Возникновение принципа композиции

Говоря о превращении системы модальной формульности в систему октавных звукорядов и о переходе от синтети­ческого понимания мелодии к пониманию аналитическо­му, мы умалчивали до сих пор о том, что этот процесс шел рука об руку с другим процессом — с возникновением и пер­выми шагами практики многоголосия. Первые упоминания об этой практике связаны с именем Скота Эриугены и с трак­татом Псевдо-Хукбальда «Учебник музыки», а это значит, что идея октавных звукорядов и идея многоголосия — обе они начали реализовываться практически одновременно. При бли­жайшем рассмотрении выясняется, что это не просто парал­лельно и одновременно существующие явления, но что они представляют собой фактически две стороны одной медали. По этому поводу Н.И.Ефимова пишет следующее: «Характер­ную особенность второй практике придает и то, что она ста­ла функционировать параллельно с практикой раннего много­голосия. Причем научная теория ладового осмысления хорала, сформулировавшая в средневековой модальной системе звукорядные конструкции каждого лада, его звуковой объем, еди­ничность финального тона, а также тона речитации, опреде­лившая, наконец, позицию полутонов, тоже оформлялась одно­временно с разработкой нормативов вертикальной организации звуковысотного пространства. Вспомним, к примеру, что пен-тахордная аналитическая схема Псевдо-Хукбальда из “Учеб­ника музыки” <...> которая в истории музыкального мышле­ния символизирует новую ступень осознания звуковысотных связей, вошла в музыкальную науку о монодии вместе с прак­тикой квинтового органума. А хукбальдовское понимание консонанса, изложенное им в трактате “О музыке”, вмеща­ло в себя горизонтальное и вертикальное его измерения. ...Не­вольно возникает вопрос, насколько точно известная нам тео­ретическая концепция, абстрагированная в звукорядную плос­кость, отражала уровень ладового сознания монодийной эпохи»6.
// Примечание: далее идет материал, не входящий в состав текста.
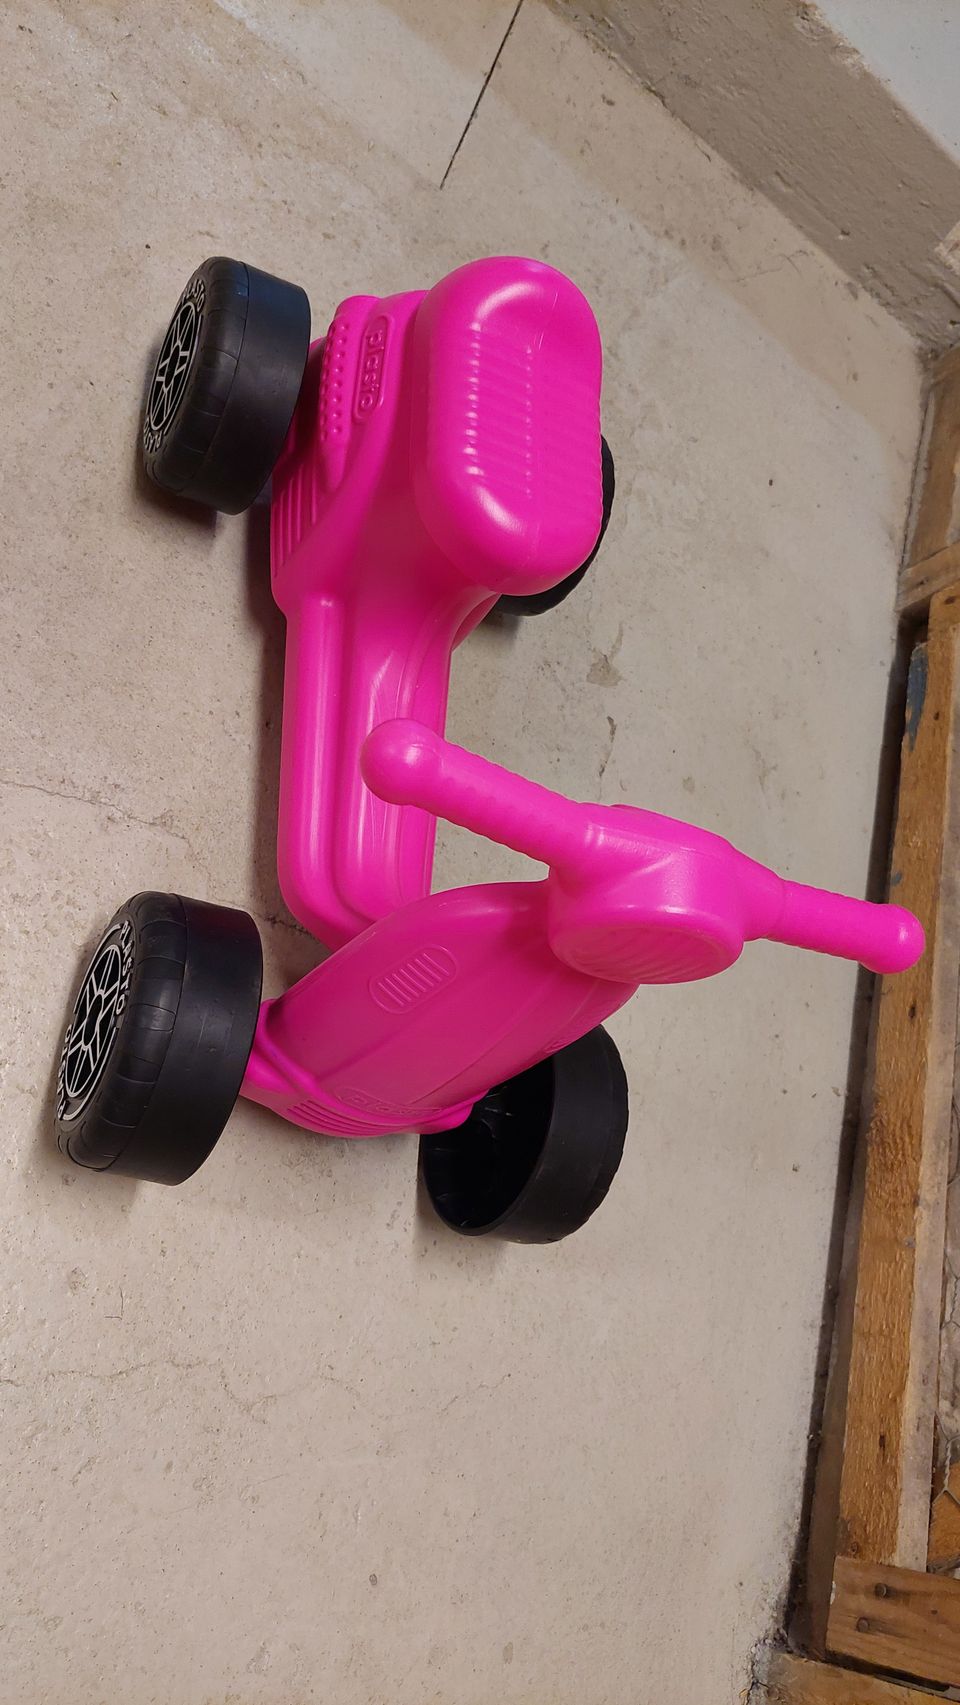 Plasto pinkki skootteri

Ответ на поставленный вопрос напрашивается сам собой: известная нам теоретическая концепция Октоиха, абстрагиро­ванная в звукорядную плоскость, ни в коем случае не отражает уровень ладового сознания монодийной эпохи, но представля­ет собой порождение новой эпохи — эпохи многоголосия, а точнее говоря, эпохи контрапунктического многоголосия, или проще — эпохи контрапункта. И здесь мы подходим к пробле­ме различных оперативных пространств, ибо понятия монодии и контрапункта самым непосредственным образом связаны с этой проблемой. Когда мы говорим о системе модальной фор­мульности и о системе октавных звукорядов, то говорим о раз­личных видах звукового материала. Наличие различных видов звукового материала влечет за собой наличие различных про­странств, в которых эти виды звукового материала могли бы существовать и структурироваться сообразно своей природе. С другой стороны, именно пространства различной природы и различной метрики обеспечивают само существование различ­ных видов звукового материала. Таким образом, звуковой ма­териал и оперативное пространство представляют собой нера­сторжимое взаимообуславливающее единство, а это значит, что каждому виду звукового материала должно соответствовать свое оперативное пространство и каждому пространству соот­ветствует свой вид звукового материала. Ответ на вопрос, по­ставленный Н.И.Ефимовой, столь однозначно прост именно по­тому, что в нем речь идет о соответствии вида звукового мате­риала «своему» пространству. Система формульной модальности может существовать только в условиях монодического простран­ства, а система октавных звукорядов неразрывно связана с про­странством контрапункта. Вот почему становление системы ок­тавных звукорядов и процесс рационализации системы Окто­иха нельзя рассматривать в отрыве от становления нового, контрапунктического, пространства.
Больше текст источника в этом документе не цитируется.